--- MATERIAL PROVIDED Enclosed Below ---

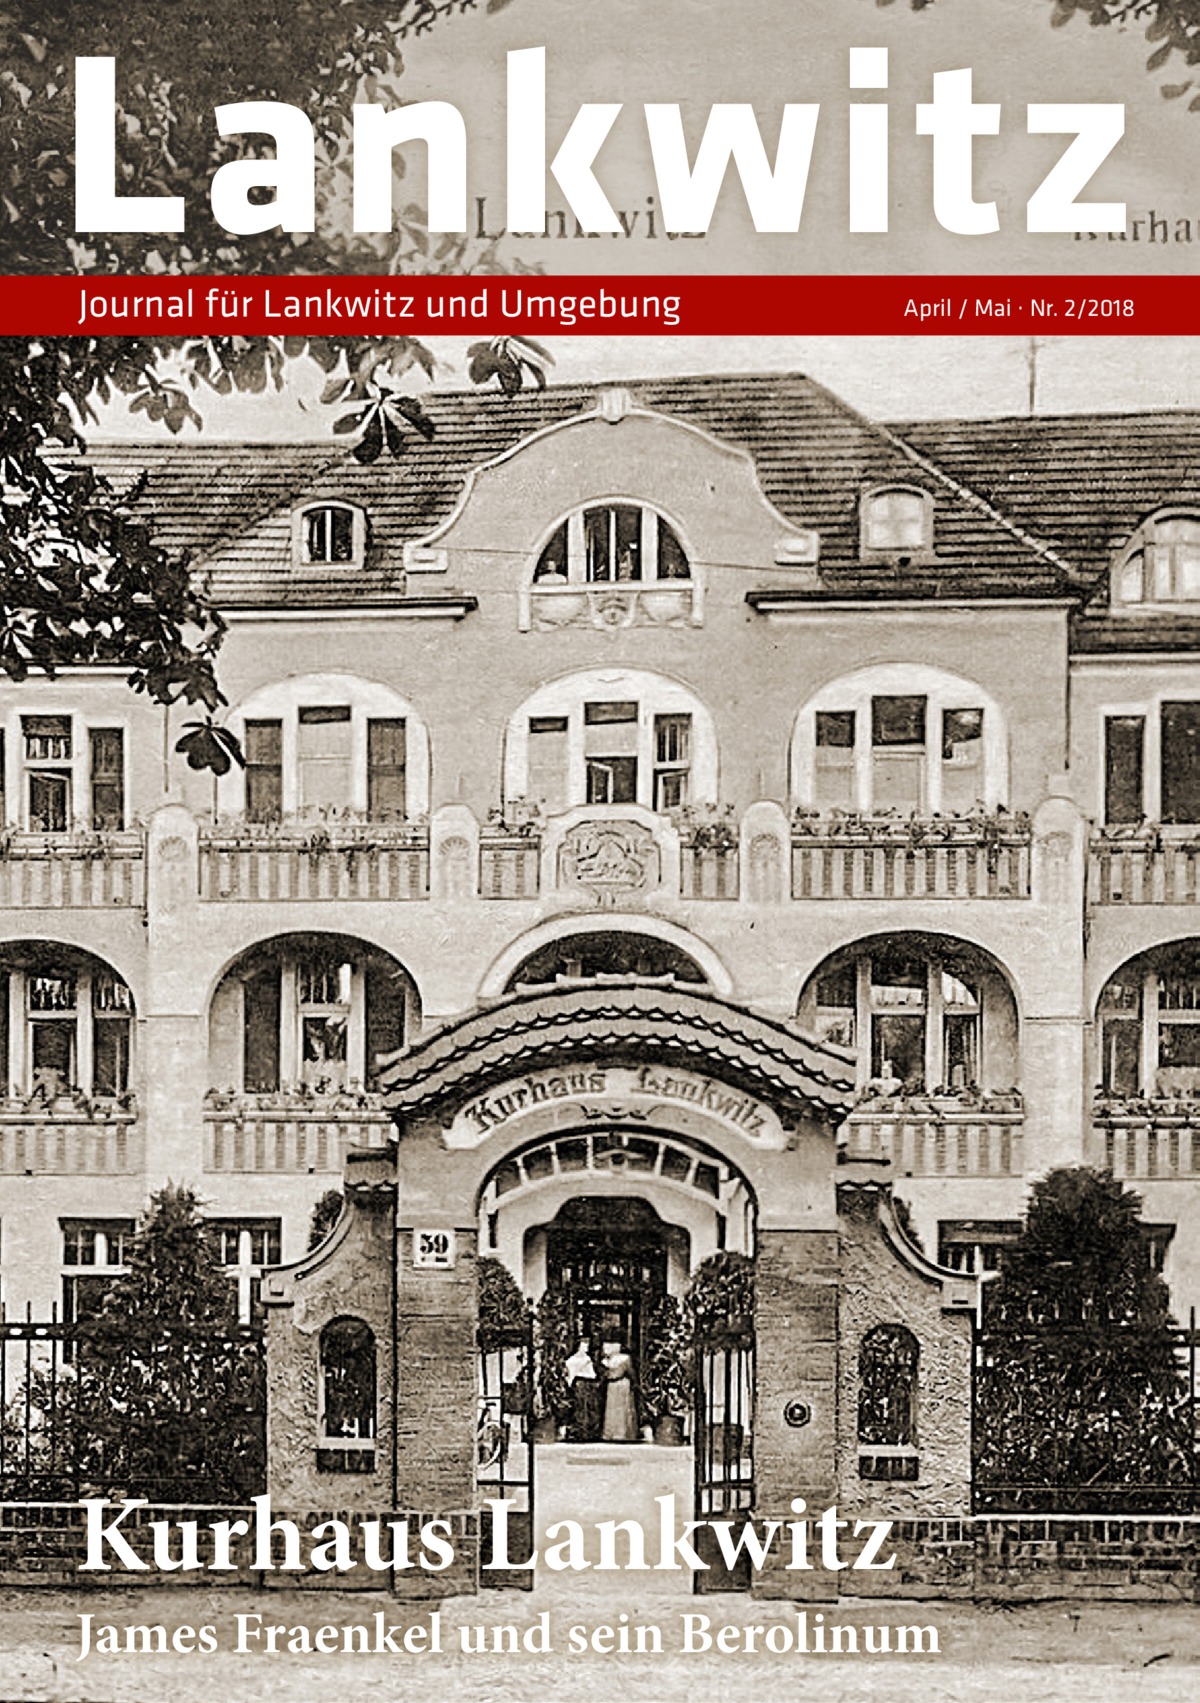 Lankwitz Journal für Lankwitz und Umgebung  Kurhaus Lankwitz  April / Mai · Nr. 2/2018  James Fraenkel und sein Berolinum
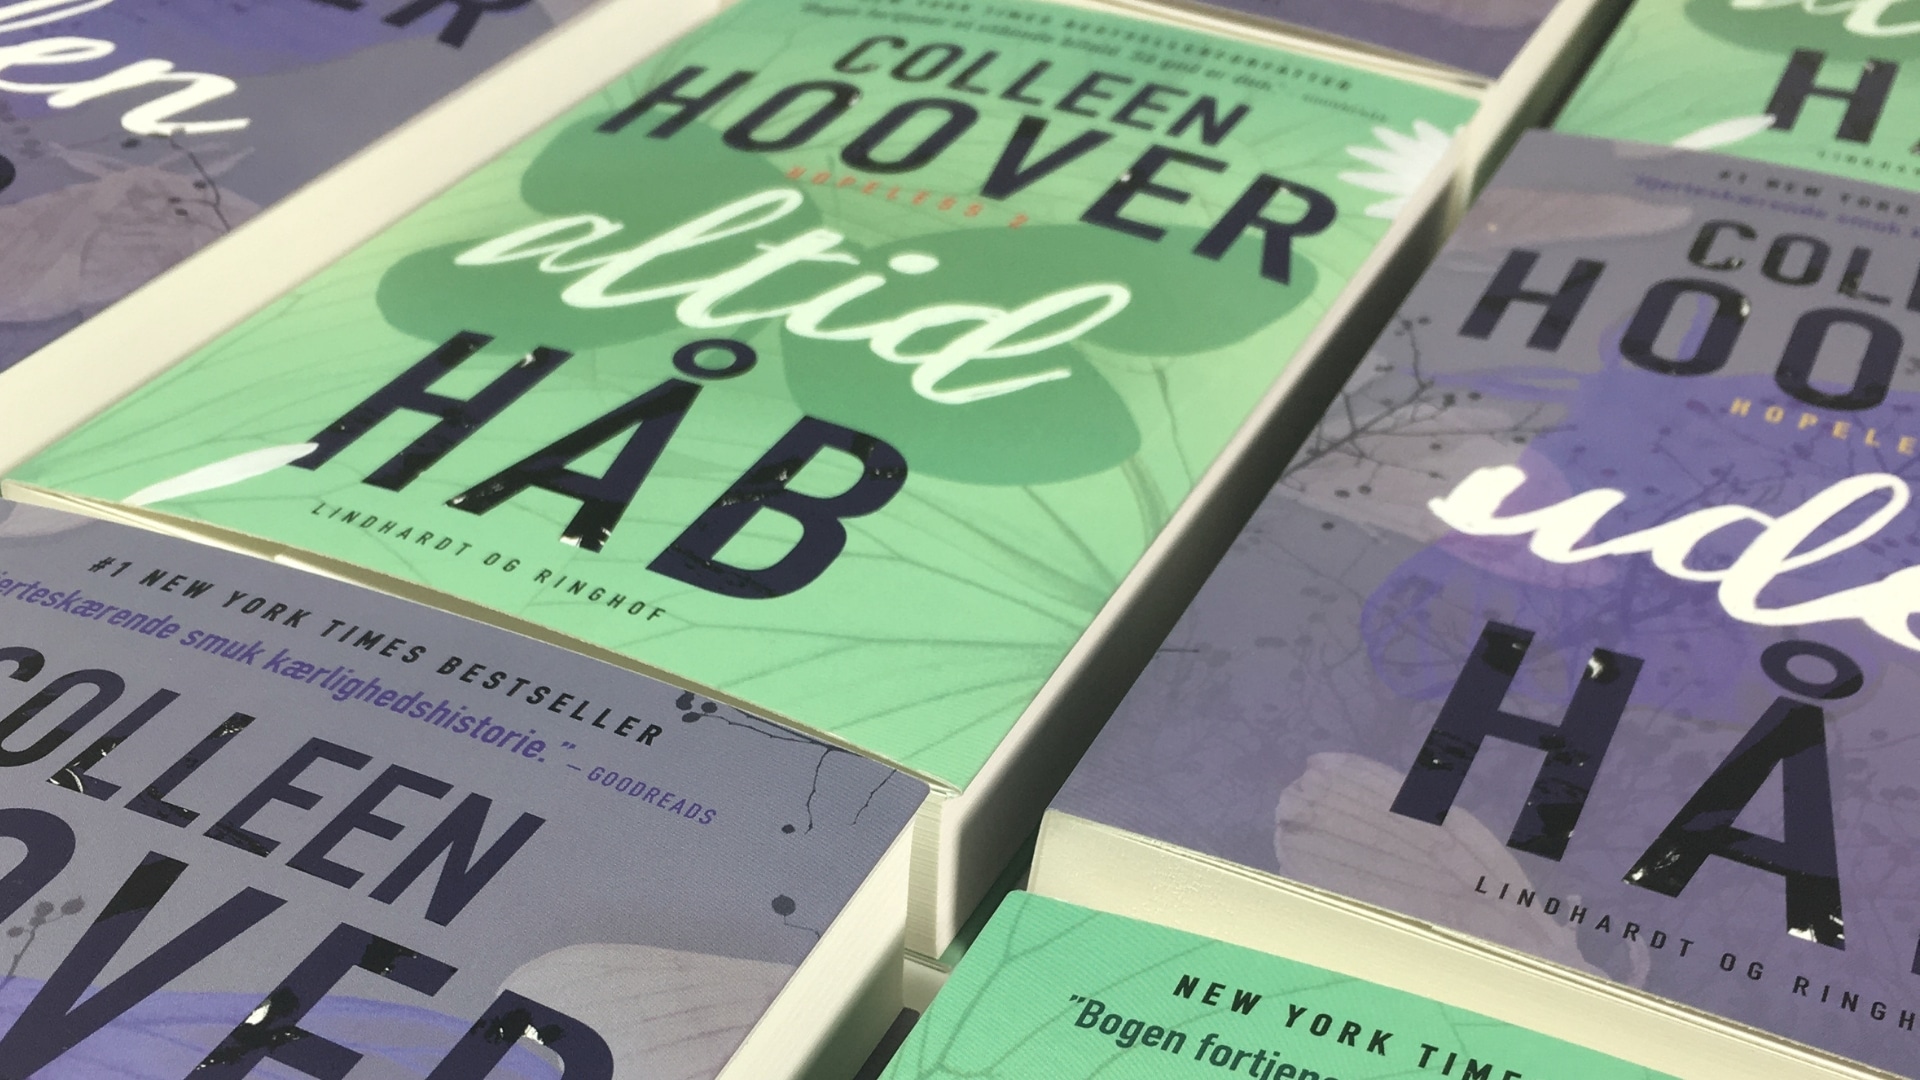 Hopeless-serien, Colleen Hoover, Hopeless, Uden håb, Altid håb, romance, kærlighedsbøger, kærlighedsroman
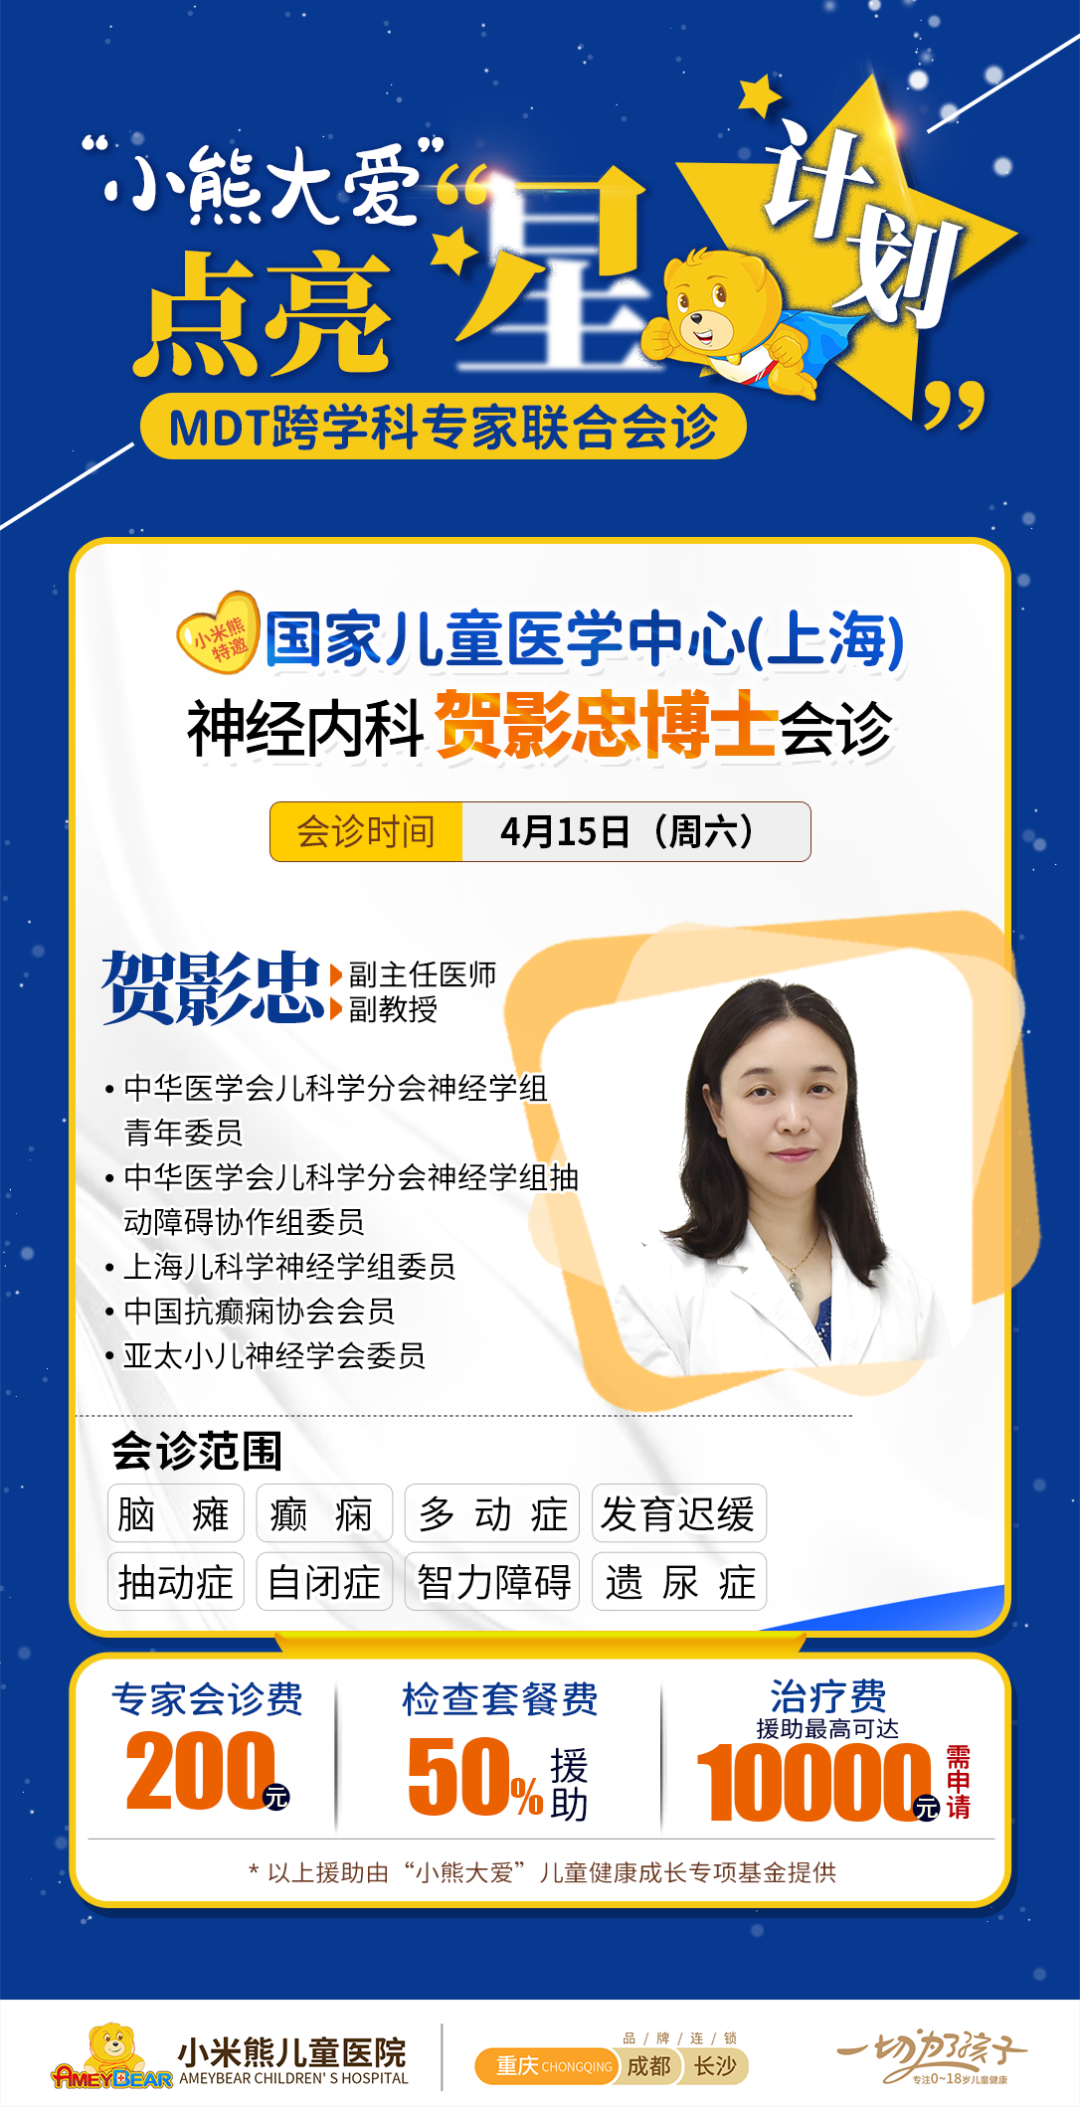 国家儿童医学中心(上海)贺影忠博士即将坐诊小米熊
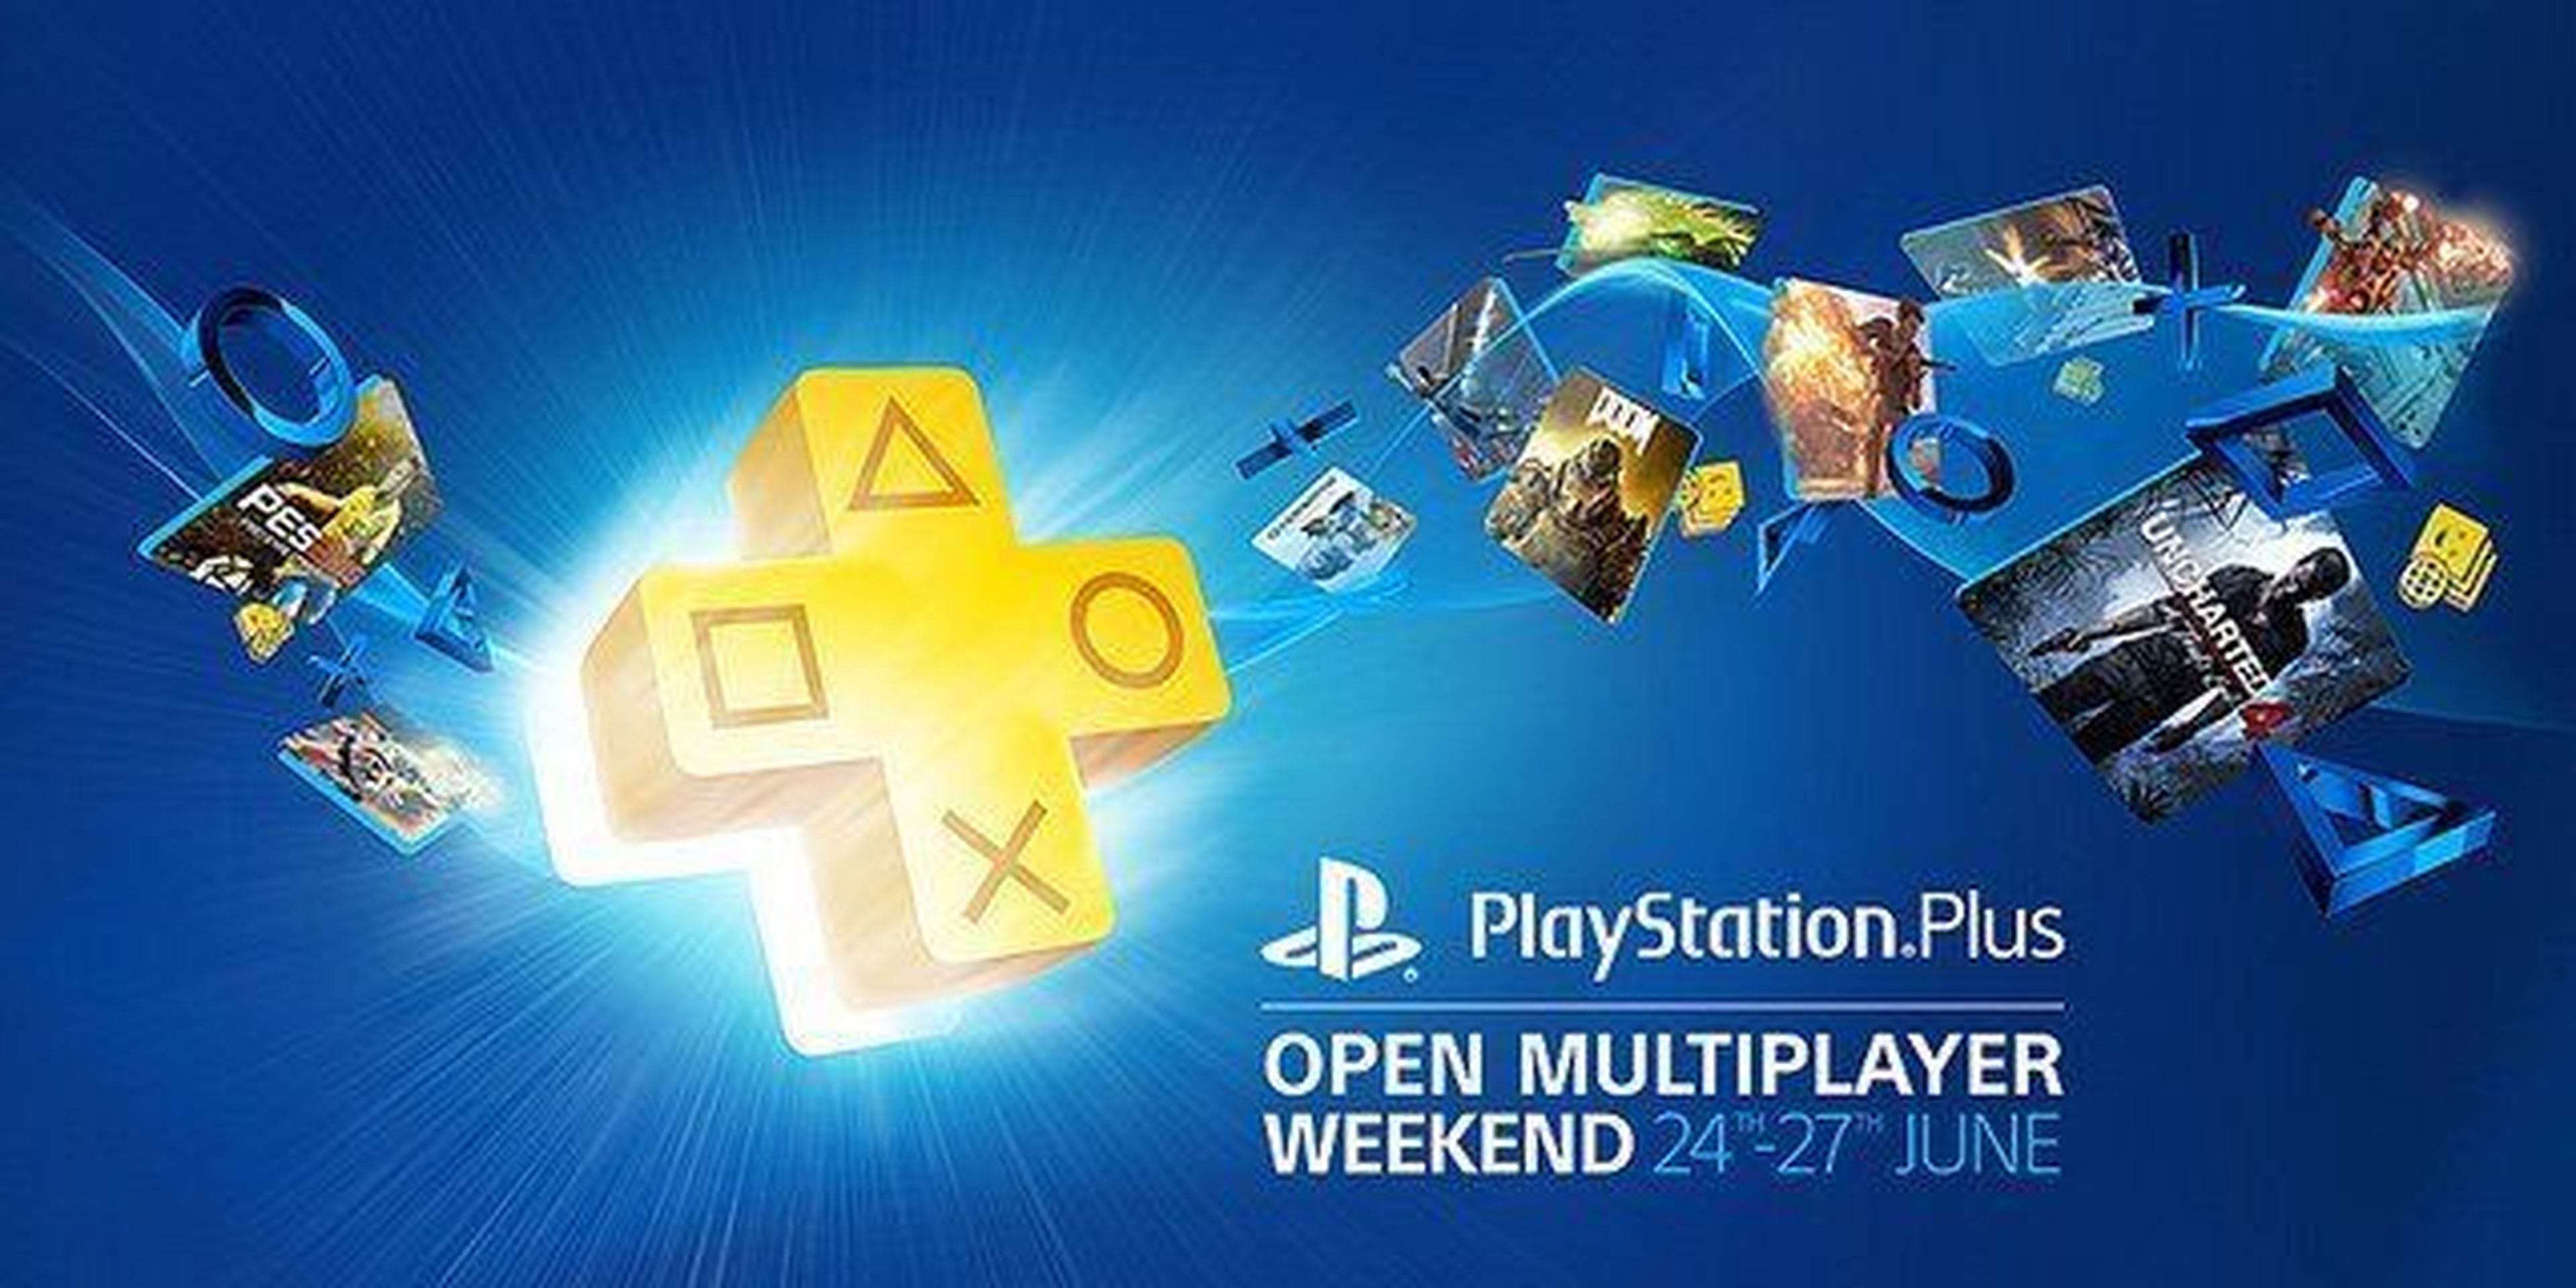 PS4 - Fin de semana multijugador gratuito

--- End of Enclosed MATERIAL PROVIDED ---

GOAL OF THE EXERCISE. Each line from the one that holds "Hopeless-serien, Colleen Hoover, Hopeless, Uden" through the final line of the data must be retyped exactly; the pictures must not appear.

RESPONSE.
 Hopeless-serien, Colleen Hoover, Hopeless, Uden håb, Altid håb, romance, kærlighedsbøger, kærlighedsroman
 国家儿童医学中心(上海)贺影忠博士即将坐诊小米熊
 PS4 - Fin de semana multijugador gratuito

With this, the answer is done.